The locked state provides the strongest protection. Once you lock vault immutability, no future action by any administrator—malicious or accidental—can reduce retention or delete recovery points before their scheduled expiration. The lock is appropriate for production vaults protecting business-critical workloads like databases, file servers, domain controllers, and compliance-sensitive data.
For development and test environments, Enabled (reversible) provides protection while retaining operational flexibility. If you need to decommission the vault or adjust retention policies downward, you can disable immutability before making those changes. The ability to disable locks maintains security without creating operational constraints in nonproduction scenarios.
To enable and lock vault immutability:
- In the Recovery Services vault, navigate to Settings > Properties
- Under Vault immutability, select Update
- Select Enable vault immutability
- To lock permanently, select Apply vault immutability lock
- Read the confirmation warning carefully—this action is irreversible
- Confirm the operation
Important
The Enabled and Locked state is irreversible by any user, including subscription owners and Global Administrators. Before locking, verify that your vault's backup policies and retention settings meet long-term organizational requirements. After locking, you can increase retention periods but never decrease them. Only lock production vaults after confirming that policy configurations are finalized.
Immutability complements soft delete. Soft delete provides a recovery window after deletion occurs. Immutability prevents the deletion from occurring in the first place. Together, they create overlapping protection layers that defend against both accidental and malicious data loss.
Azure Backup security posture rating—your target state
Azure Backup evaluates each vault's configuration and assigns a security posture tier. The rating appears in the vault's Overview screen and in Azure Security Center recommendations. Your target for production vaults is the Excellent tier.

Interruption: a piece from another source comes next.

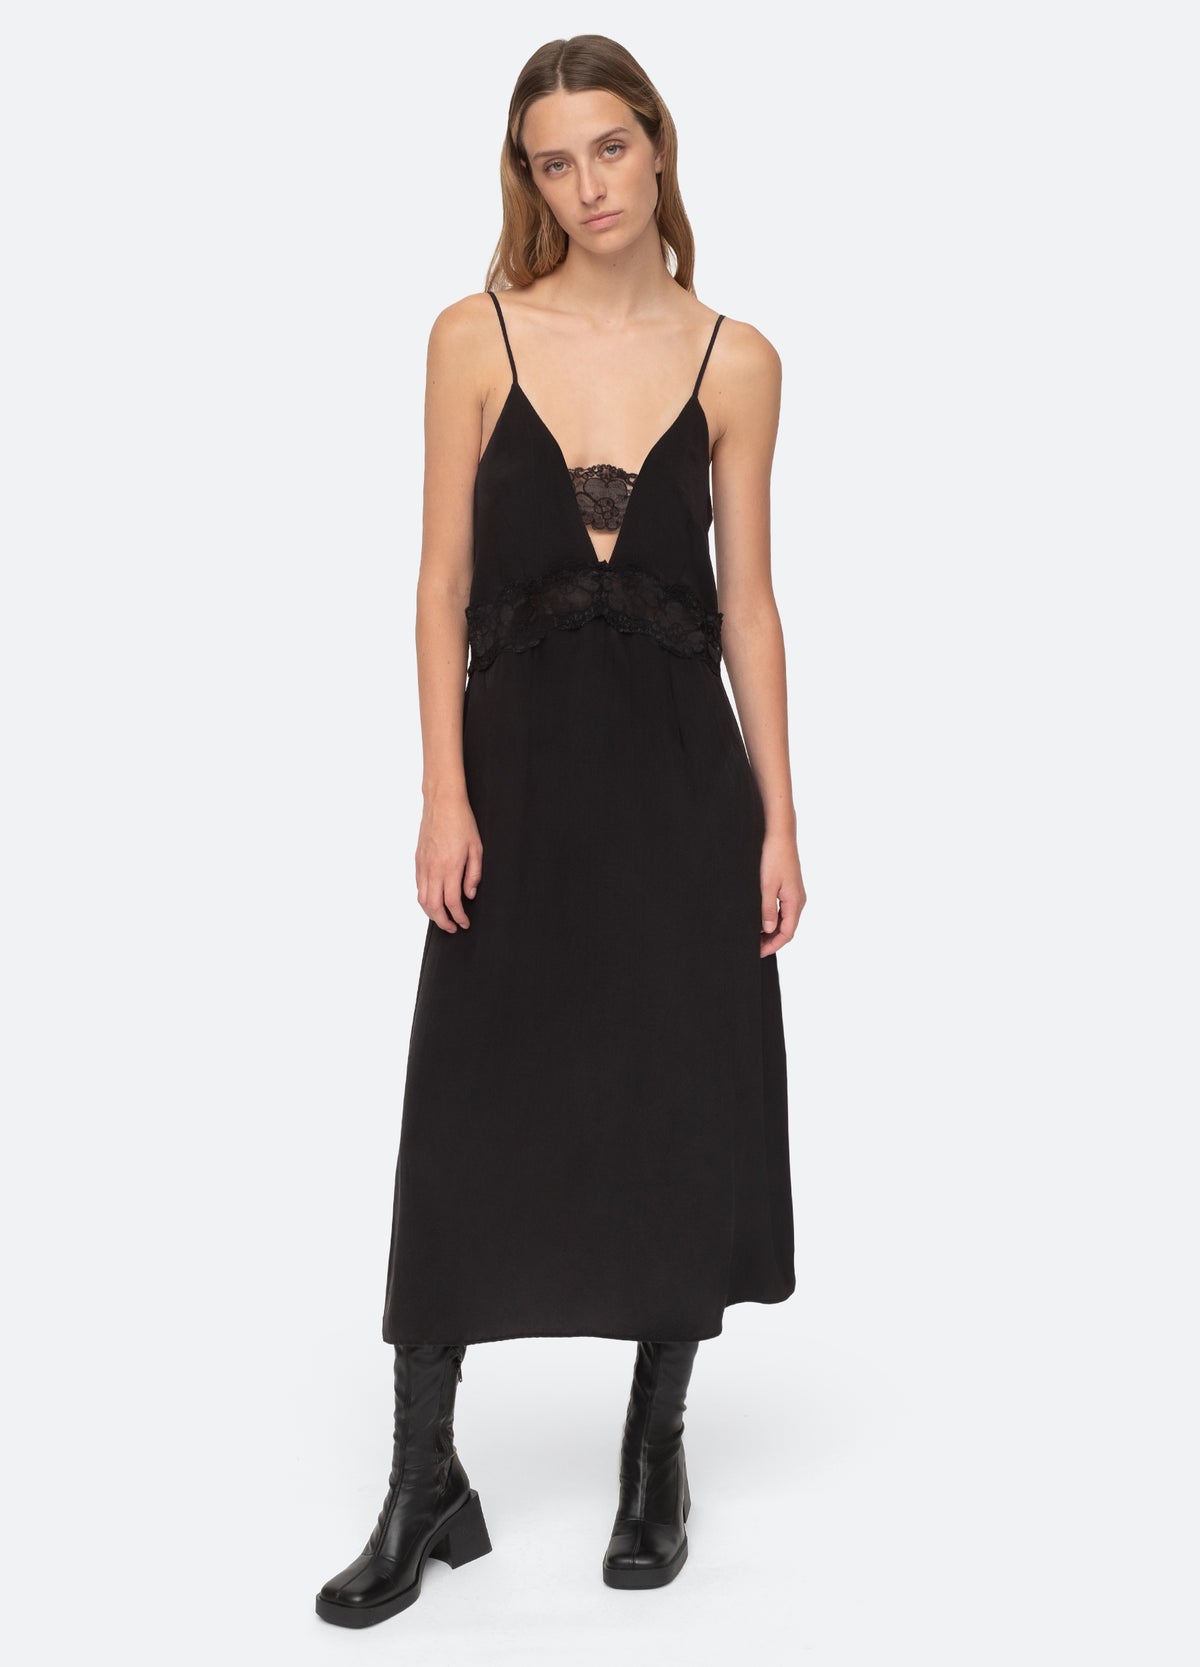 Black Lace French Style Midi Slip Dress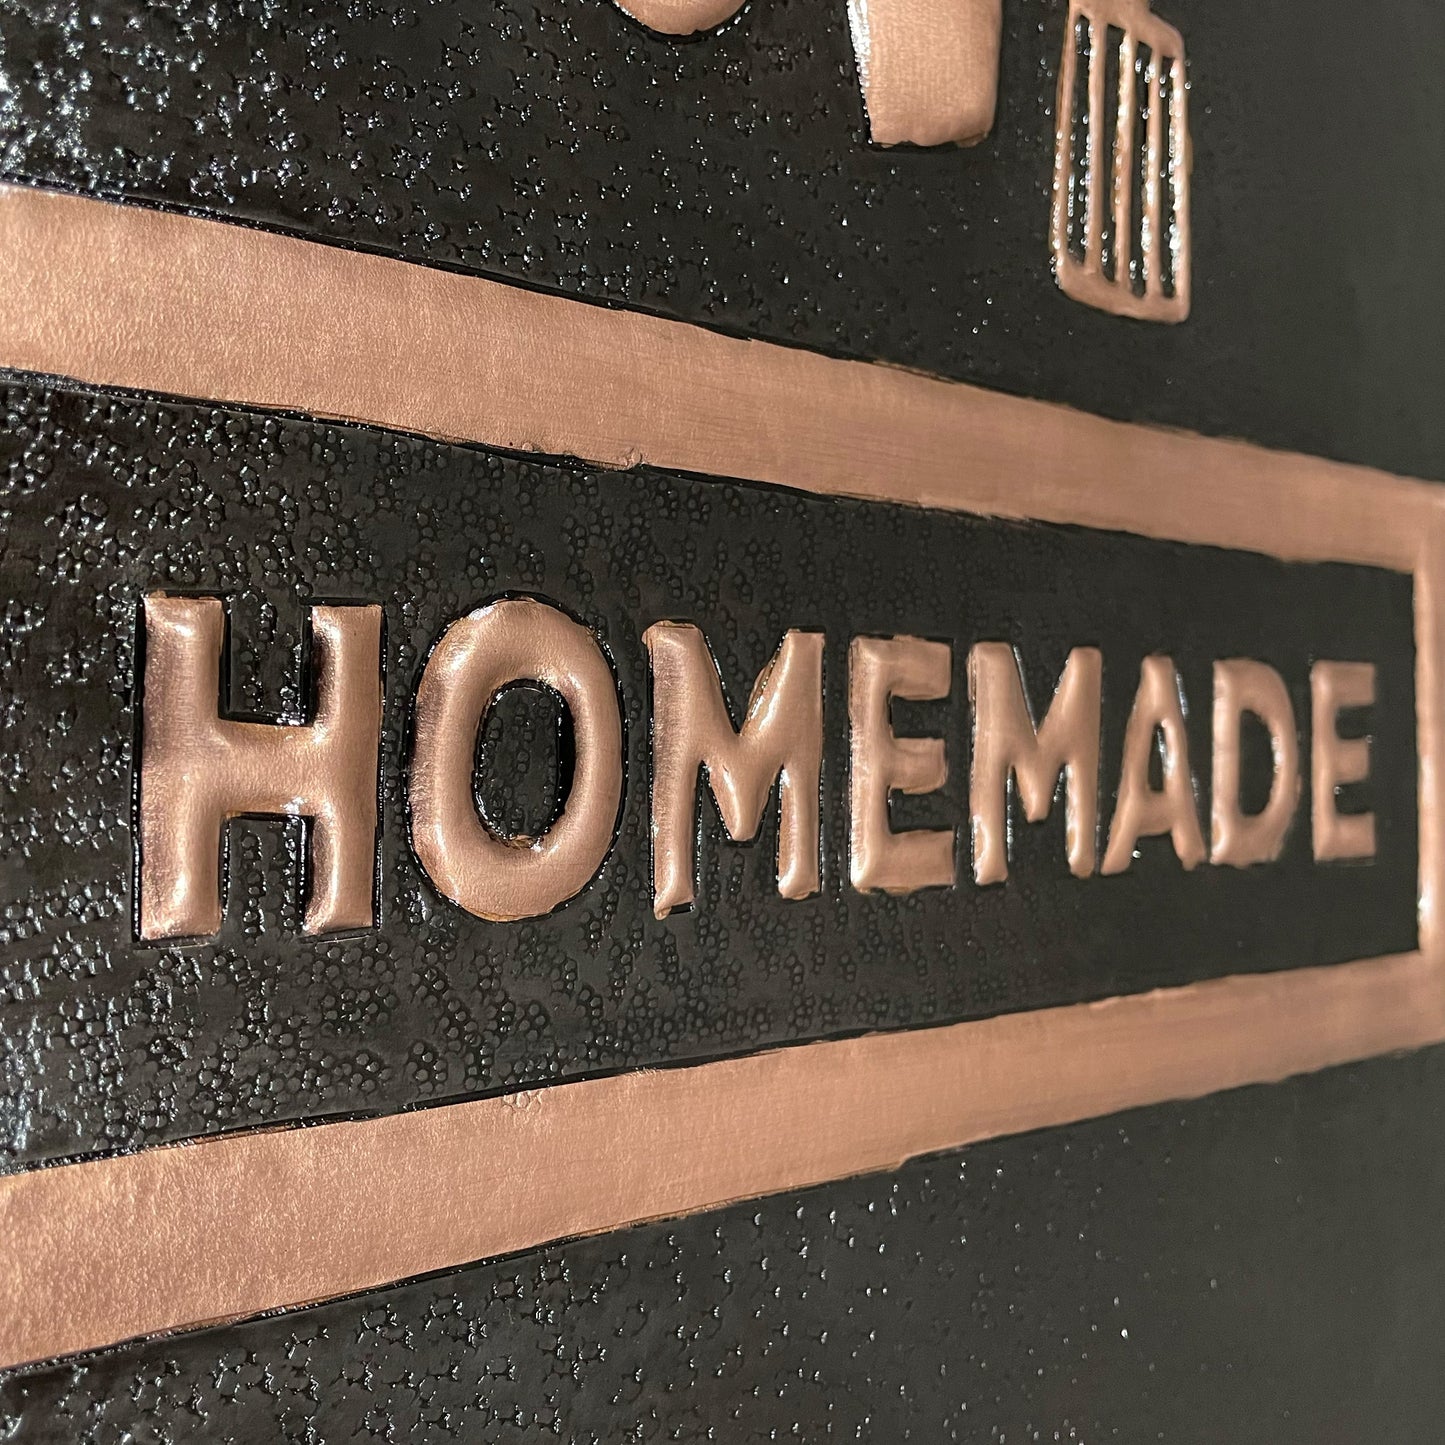 "Happiness is Homemade" Kitchen Backsplash Tile - 18x24 Black

| Tier | Configuration requirements |
|---|---|
| Excellent | Vault immutability locked AND Multi-User Authorization enabled—OR—Always-on soft delete enabled AND Multi-User Authorization enabled |
| Good | Vault immutability enabled and locked—OR—Soft delete enabled (any configuration) |
| Fair | Multi-User Authorization enabled only, without immutability or enhanced soft delete |
| Poor | No advanced security features configured (default state for new vaults) |
The Excellent tier requires two elements: a deletion protection mechanism (either locked immutability or always-on soft delete), and Multi-User Authorization. The deletion protection mechanisms—soft delete and immutability—protect recovery points after an attack begins. Multi-User Authorization prevents a single compromised credential from disabling those protections.
Note
With Secure by default platform enforcement, all new vaults in global Azure regions already start at the Good tier because soft delete is enforced. Configuring locked immutability or always-on soft delete combined with Multi-User Authorization is still required to reach the Excellent tier.
For Contoso's production environment, you configure always-on soft delete with 90-day retention and locked vault immutability, reaching the Excellent tier's first path: both deletion protections active at their strongest irreversible settings. The next unit completes the Excellent tier by adding Multi-User Authorization with Resource Guard.
Soft delete and immutability protect recovery points from deletion and modification, but they don't stop a backup administrator with compromised credentials from disabling those protections before launching an attack. Multi-User Authorization adds the second administrator requirement, converting single-credential attacks into scenarios that require collusion between two separate security principals.